A comprehensive report issued by California’s Sustainable Building Task Force “The Costs and Financial Benefits of Green Buildings” concludes minimal increases in front end costs of about 2 percent to support green design would, on average, result in life cycle savings of 20 percent of total construction costs more than 10 times the initial investment. For example, an initial front end investment of up to $100,000 to incorporate green building features into a $5 million project would result in a savings of $1 million in today’s dollars over the 20-year life of the building.
Among the demonstrable economic and financial benefits would include lower energy, waste disposal, water, environmental, emissions, operations and maintenance as well as savings from increased productivity and health.
Our research has identified about 2,300 LEED (Leadership in Energy and Environmental Design) buildings in the United States. LEED buildings are generally those that achieve sustainability or greenness, as defined by the Green Building Council, a worldwide nonprofit group focused on transforming “the building marketplace to sustainability.” Many of these buildings are large, as the following list shows:
- Multi Use: 1,074
- Commercial Office: 391
- Multi-Unit Residential: 148
- Campus, Schools and Day Care: 202
- Higher Education: 199
- Public Order and Safety: 142
- Industrial: 91
- Health Care: 73
- Recreation 42
- Library: 91
- Military Base: 20
The reported value of these LEED projects in 2006 was $10 billion, divisible into 642 million square feet.
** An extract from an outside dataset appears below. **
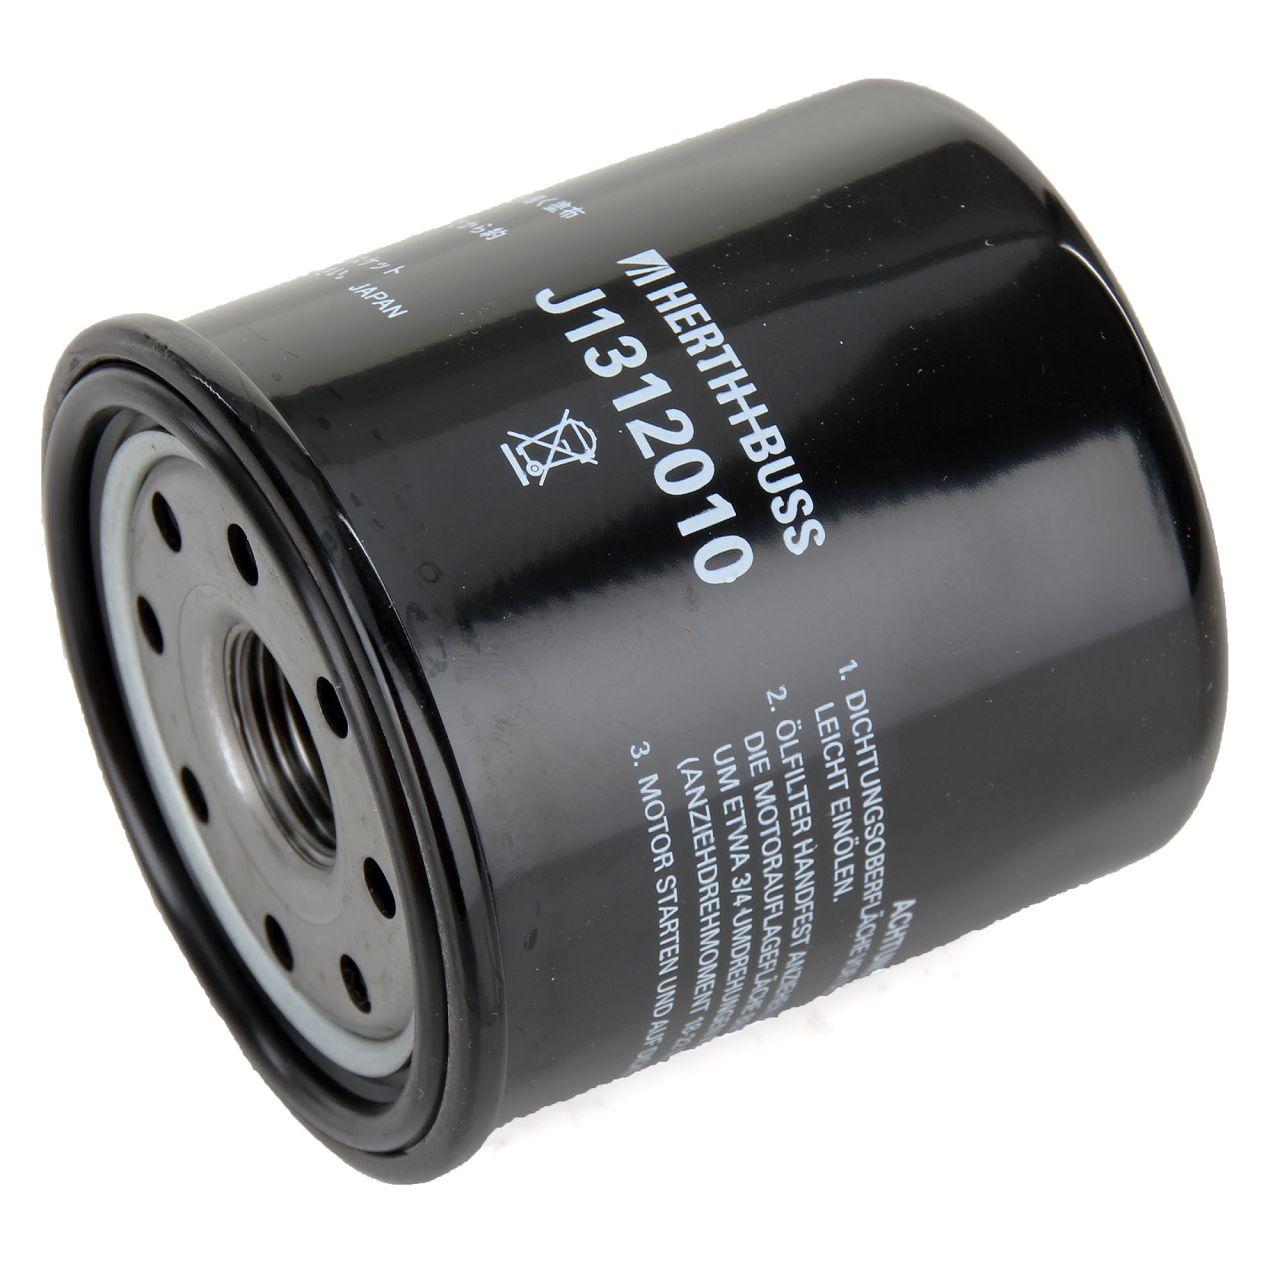 HERTH+BUSS JAKOPARTS Filterset für TOYOTA YARIS 1.0/1.3 VVT-i 69/87PS

The real economic test is the cost of retrofitting existing buildings. For instance, virtually none of Downtown San Diego’s 10 million square feet of office inventory is green. These buildings are going to grace the skyline for the next 50 years. To become green, owners undoubtedly will have to see significant increases in lease rates. Higher costs certainly must be offset by higher rents.
We haven’t seen numbers in the housing area, but this upcoming Pacific Coast Builders Conference is holding a seminar on “Builder-to-Builder Green” to discuss ways to build healthier and more energy efficient homes. Forbes magazine has profiled the “Green Mansion” trend in California. This suggests that green will become economical, evolving from millionaires over time to the middle class. An analogy is the cruise control in your car: now ubiquitous, this feature was once available only on expensive cars.
Change In Public Policy?
Government is gradually getting involved by creating economic green incentives. For instance, the Centre City Development Corp. offers “one point of floor area ratio (FAR) for a green roof and one point for public open space” for new Downtown buildings. This is significant: if you have a 20,000-square-foot site, then adding 1 point of FAR is worth 20,000 extra feet of buildable space. The agency ought to be charging for density, and if that cost is expressed in real green, so much the better.
The state of California awards grants to advance green building design and constructions practices. Santa Barbara County’s incentives include fast-track building plan approval, award assistance and local tax relief. Sacramento Municipal has a fund to cover the costs of LEED project submissions.
However, government regulation, even incentive-based, won’t build green structures unless the incentives are sufficient to reduce the hard costs of construction or at least reduce regulatory hurdles to entitlement. We should be tying green projects to expedited building permits and entitlement certainty. Or even consider doing the reverse: charge higher fees and/or face a longer entitlement process if the developer cannot produce a green building.
Green Must Be Pretty
The other test should be attractiveness, or at least design neutrality. People don’t want weird or ugly, which is what they mostly get with solar panels and such. As solar panels are replaced with normal-looking solar roof tiles and as modifications can be made to windows, for instance, which suck in the energy and put it to use, the project must continue to look good. This is what we have seen so far:
- Triple-paned windows to reduce heat entering the building.
- Roofs made of recycled high-density polyethylene shingles.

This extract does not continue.